* [Task statement]:
In the listing below, find the line with "Costume Adults graduation" and the line with "Troy sophomore Talise", then return them and every line between them exactly, minus the pictures.

* [Records to process]:
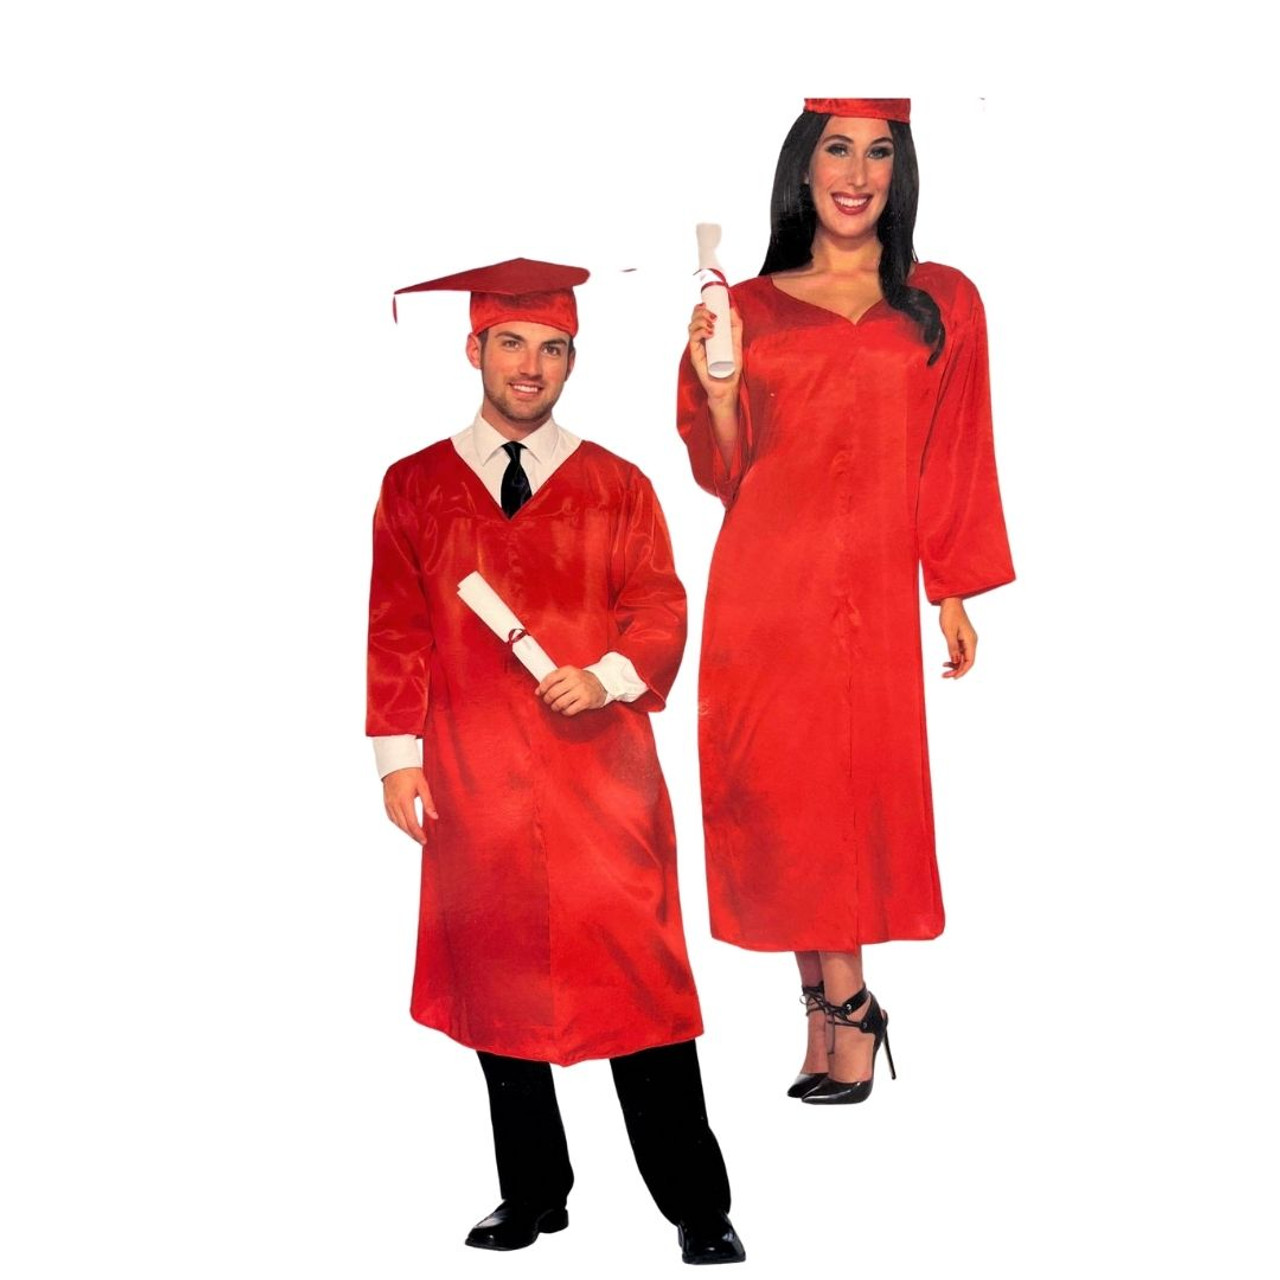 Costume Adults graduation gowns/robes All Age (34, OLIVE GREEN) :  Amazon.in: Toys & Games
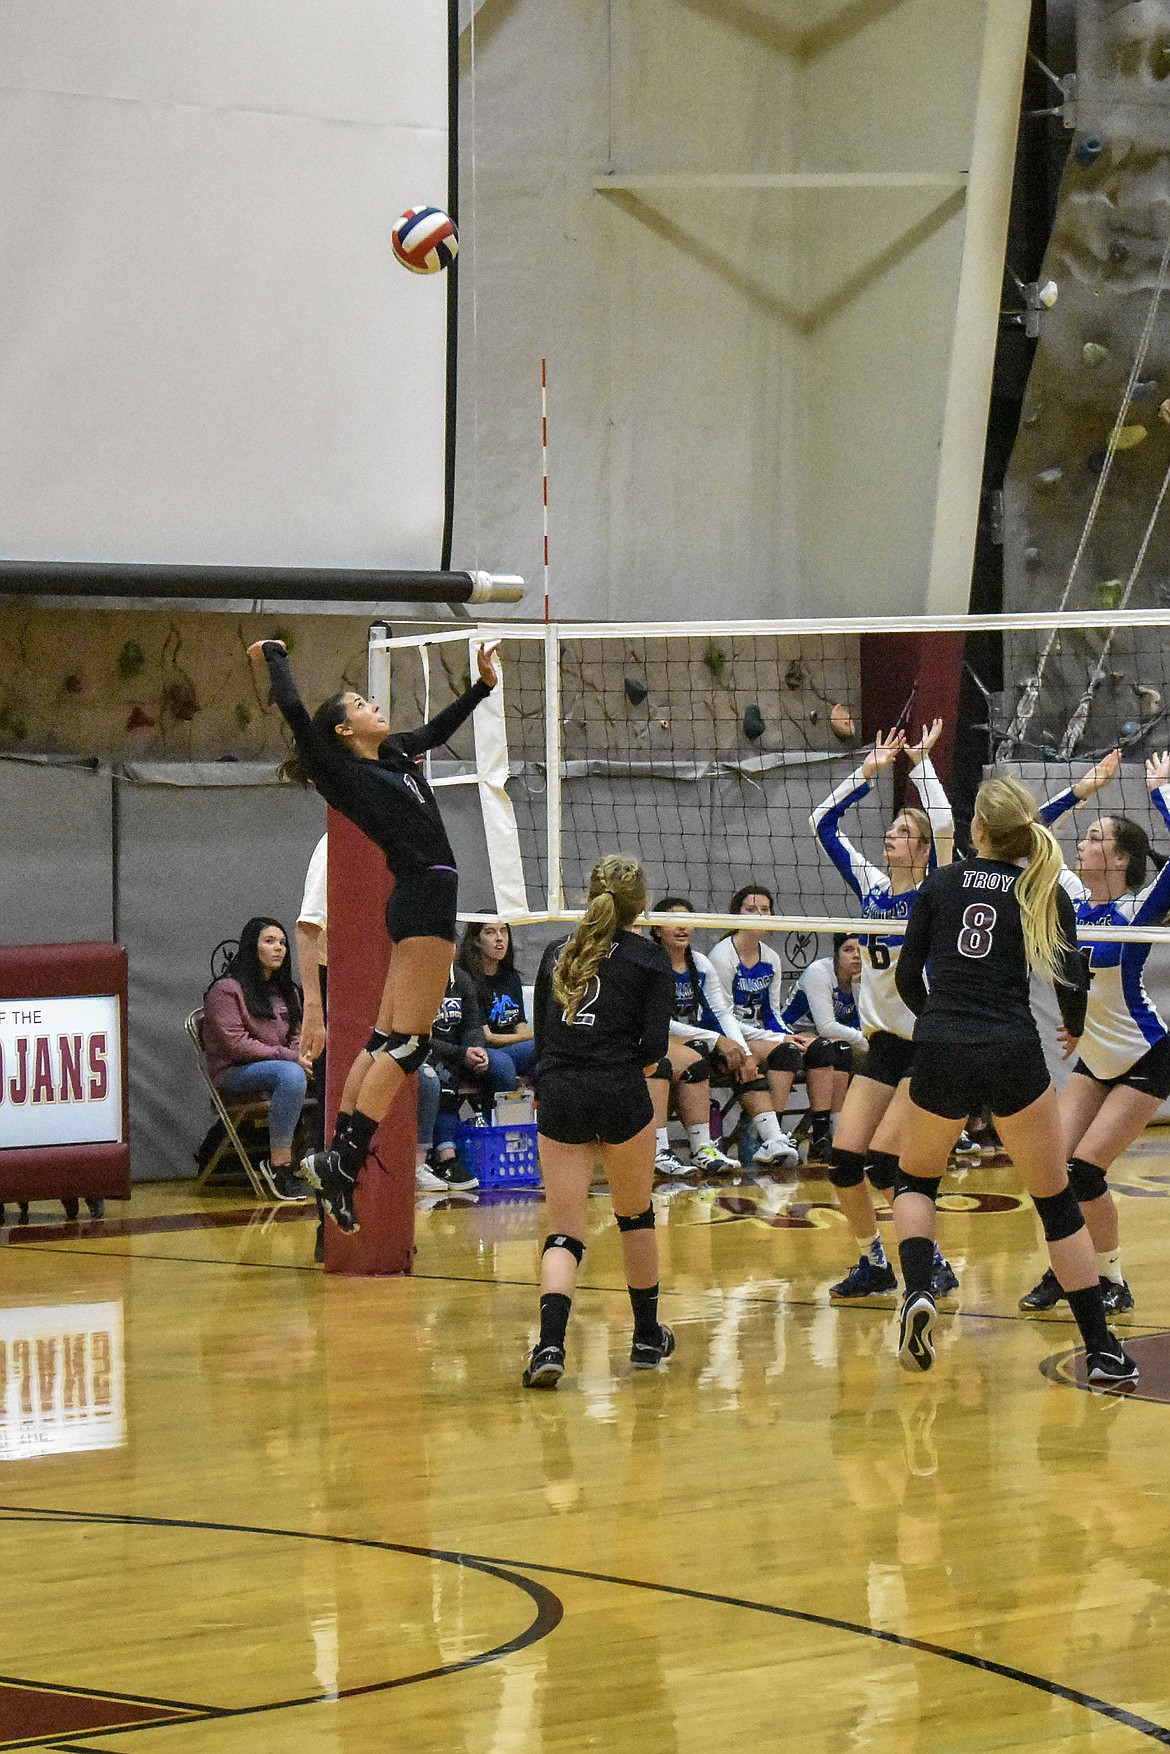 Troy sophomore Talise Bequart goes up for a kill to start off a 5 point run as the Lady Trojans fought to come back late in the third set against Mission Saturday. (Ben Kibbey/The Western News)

---

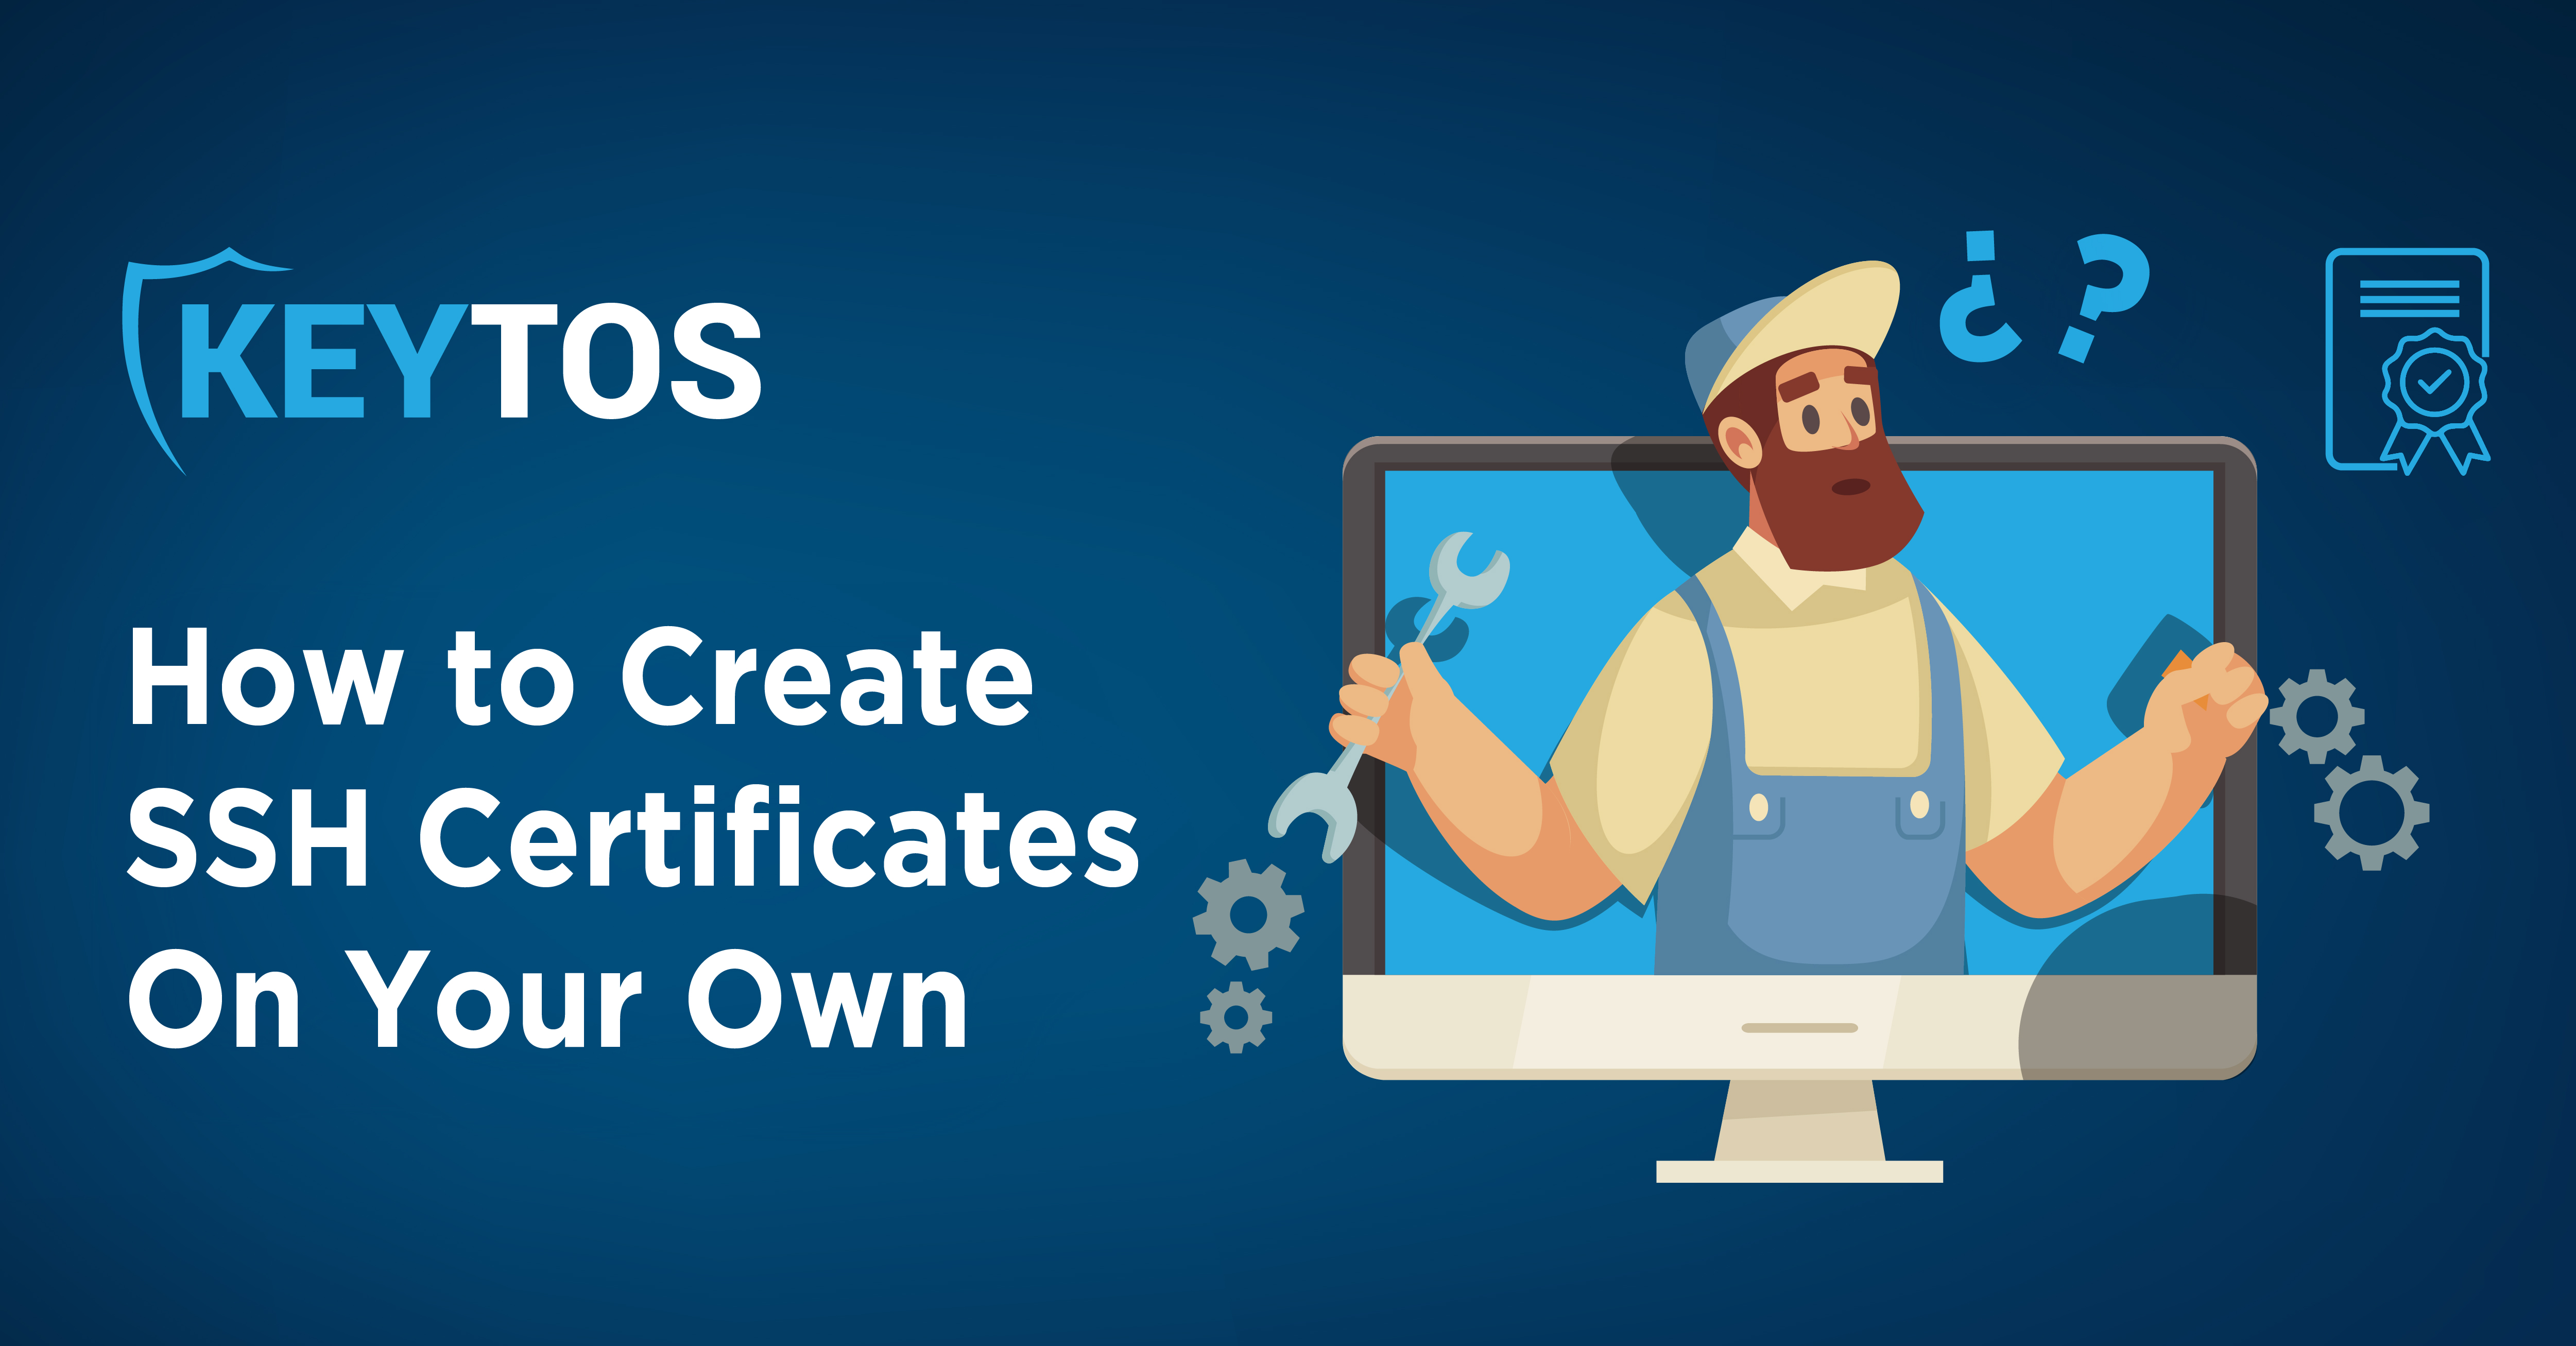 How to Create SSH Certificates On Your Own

* [The answer]:
 Costume Adults graduation gowns/robes All Age (34, OLIVE GREEN) :  Amazon.in: Toys & Games
 Troy sophomore Talise Bequart goes up for a kill to start off a 5 point run as the Lady Trojans fought to come back late in the third set against Mission Saturday. (Ben Kibbey/The Western News)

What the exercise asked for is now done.